I had many wonderful teachers, but one of the best was my 7th-through-9th grade math teacher, Mr. Jome.
In seventh grade, I was still an awkward kid. I was always "the smart girl", but didn't always know how to be assertive enough to get myself in situations I could really learn.
A few tests into the 7th grade year, Mr. Jome asked me to stay after class. He had noticed that I was catching onto algebra pretty easily, and asked if I'd like to look through some extra problems. He coordinated the high school math bowl competitions, and had practice sheets from tests going back about ten years. He gave me a few to try, and told me to ask him if I had any questions.

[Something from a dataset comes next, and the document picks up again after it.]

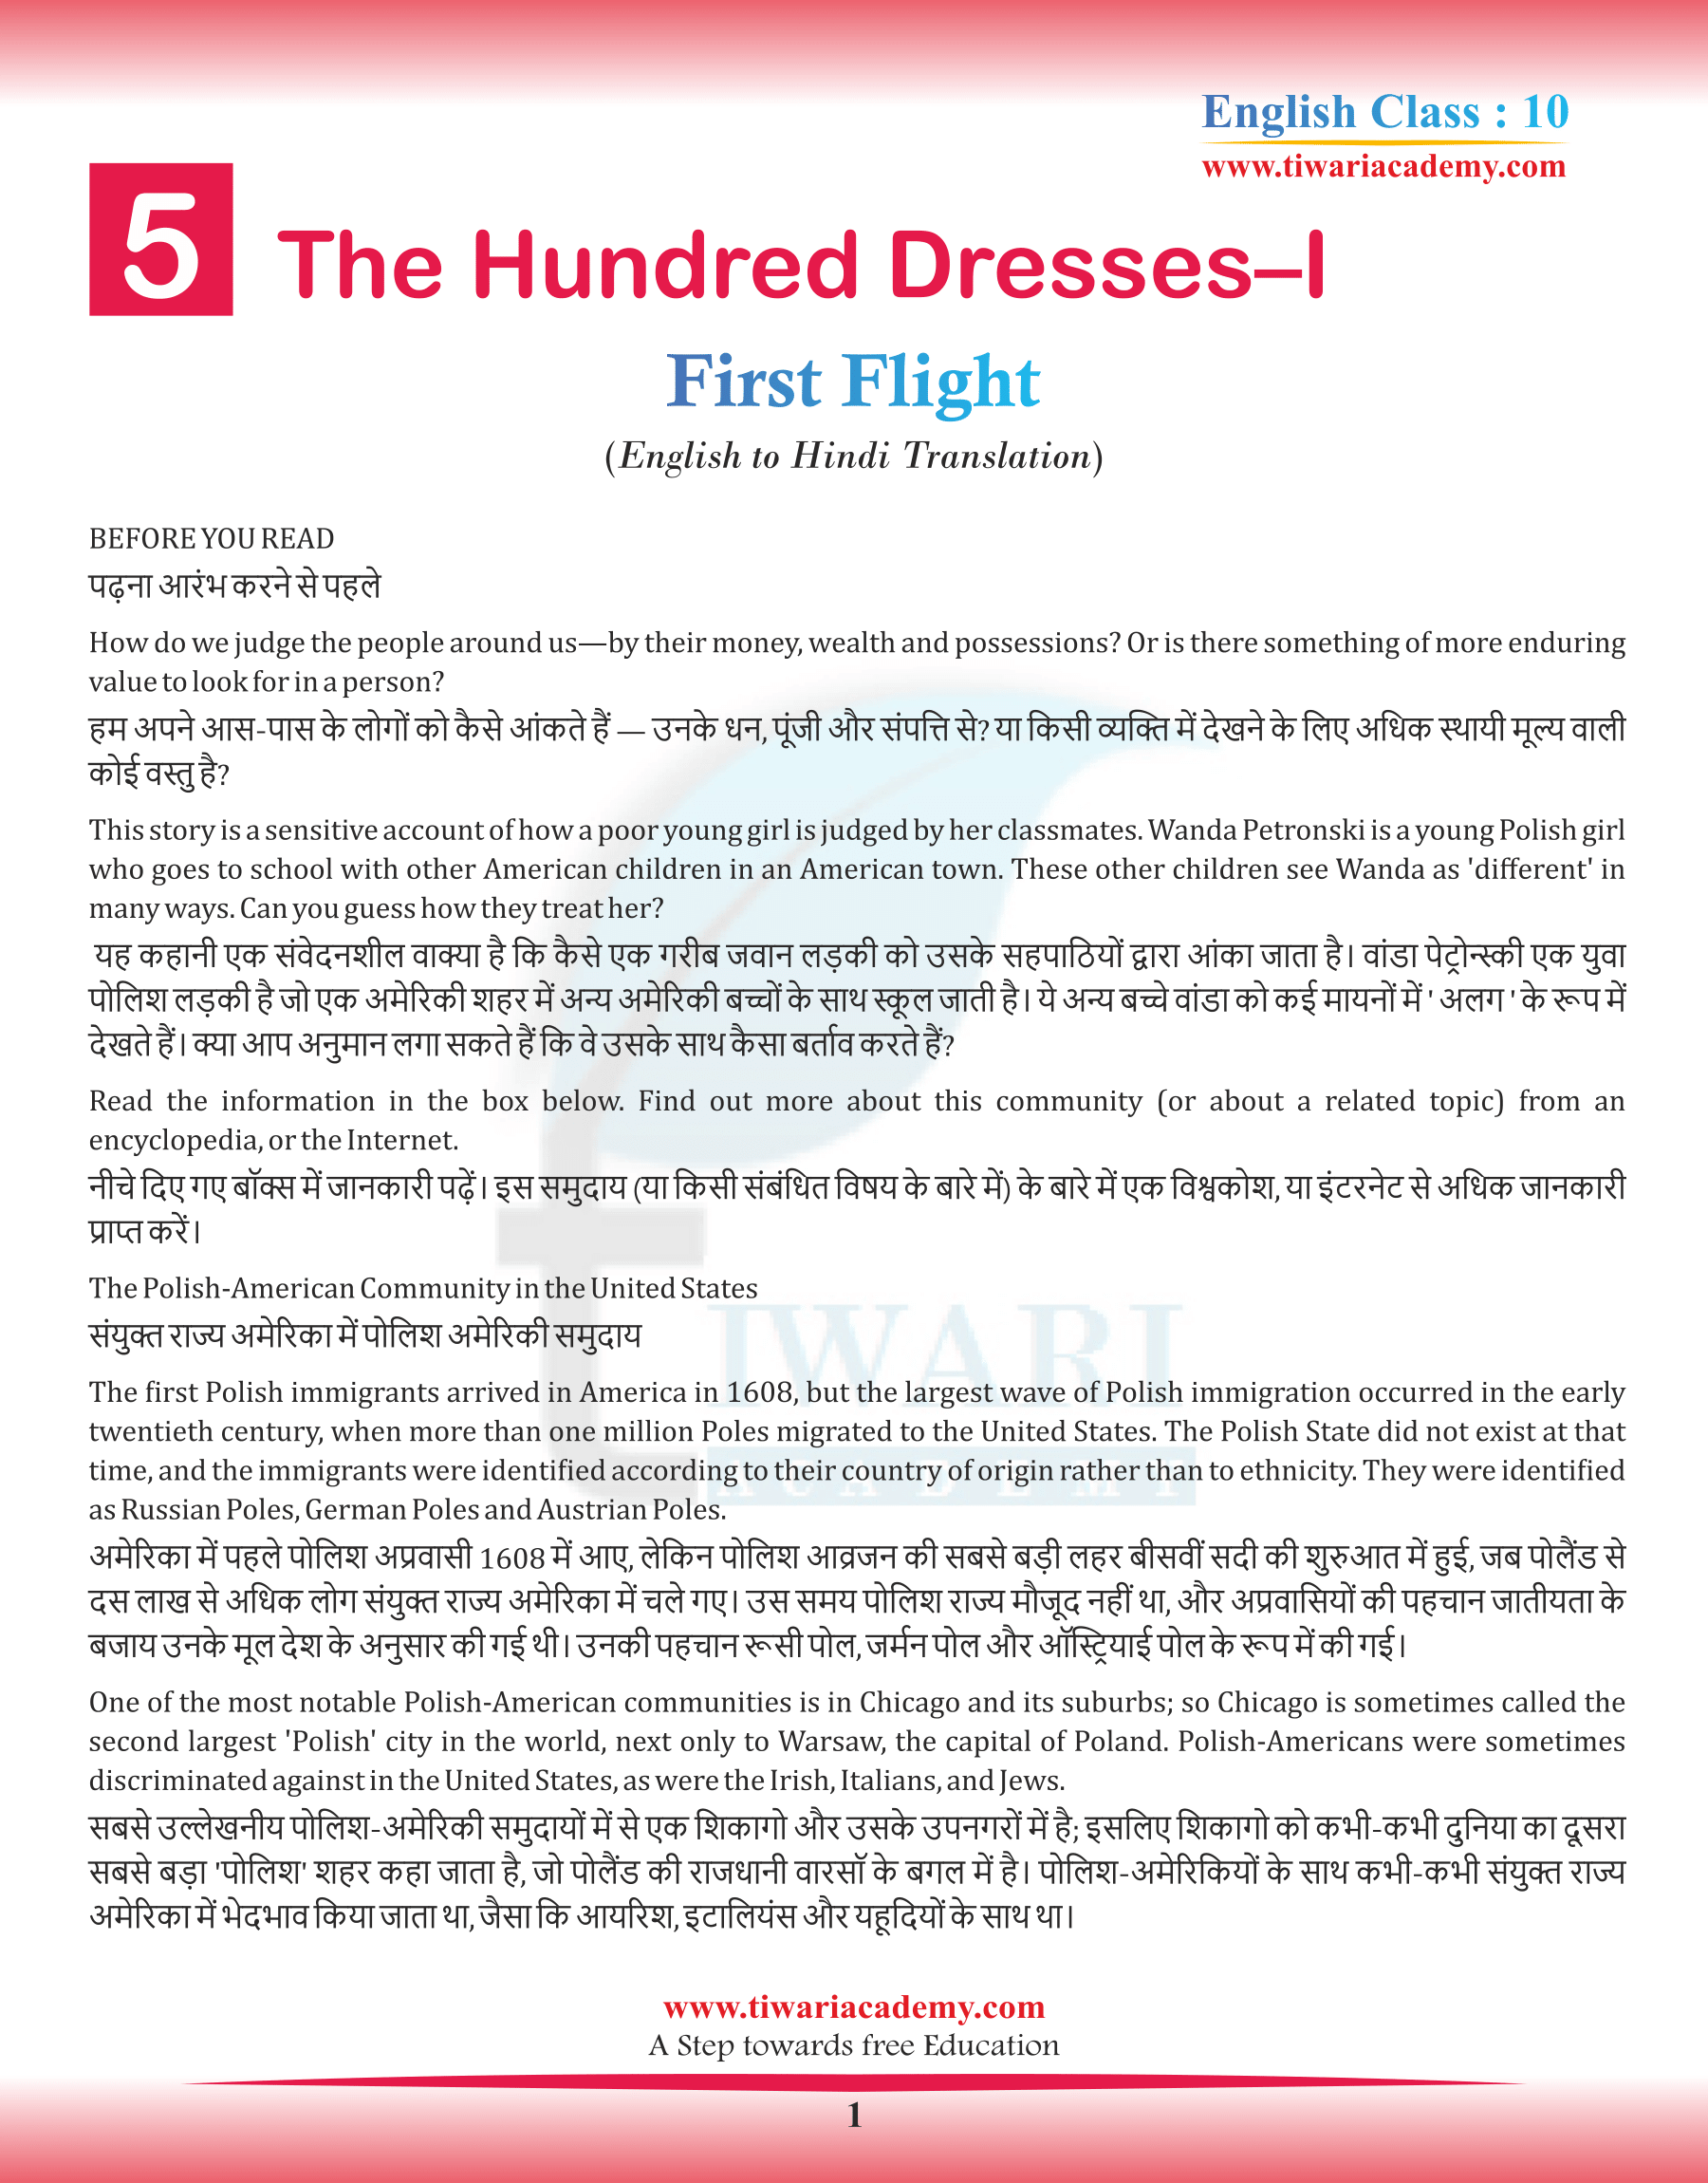 Class 10 English First Flight Chapter 5 The Hundred Dresses – I in Hindi

Of course, I did - we hadn't actually covered geometry yet, and I was only a few months into algebra. The math bowl questions were more about thinking than about knowing concepts, though, so I was able to figure out a few geometry answers with his help. I came back for more. By the end of the year I was able to finish most of the problems (not always right, but usually the right idea) despite not having had the classes yet, because Mr. Jome went through them problem by problem with me. I remember learning the pythagorean theorem in one of these after school sessions, and the basics of trigonometry.
He also put me in the very last math bowl of the year, with the high school students. I did horribly, of course, but I loved feeling so grown up. By the end of my eighth-grade year, I was the captain of the math team (everyone else on the team were seniors, and I was usually the only girl in the room). By ninth grade I was winning medals in the math meets, and had started dating a junior guy who also did math meets and was *gasp* popular! (Well, among the non-athletes.) My younger sister got started on math meets the same way, and the two of us ended up organizing our own math meet for local 6th graders, writing the questions, sending high school kids out to "tutor" teams for it, and everything. We had a blast, and I learned how to hold my own among kids who were four years older.
I really think if Mr. Jome hadn't seen through my skinny, awkward, 7th-grade exterior, I wouldn't have had the courage to take a leadership role in many activities in high school. I certainly wouldn't have learned to like math. (Which lasted until freshman year calculus in college, when a teacher killed it, but that's another story.)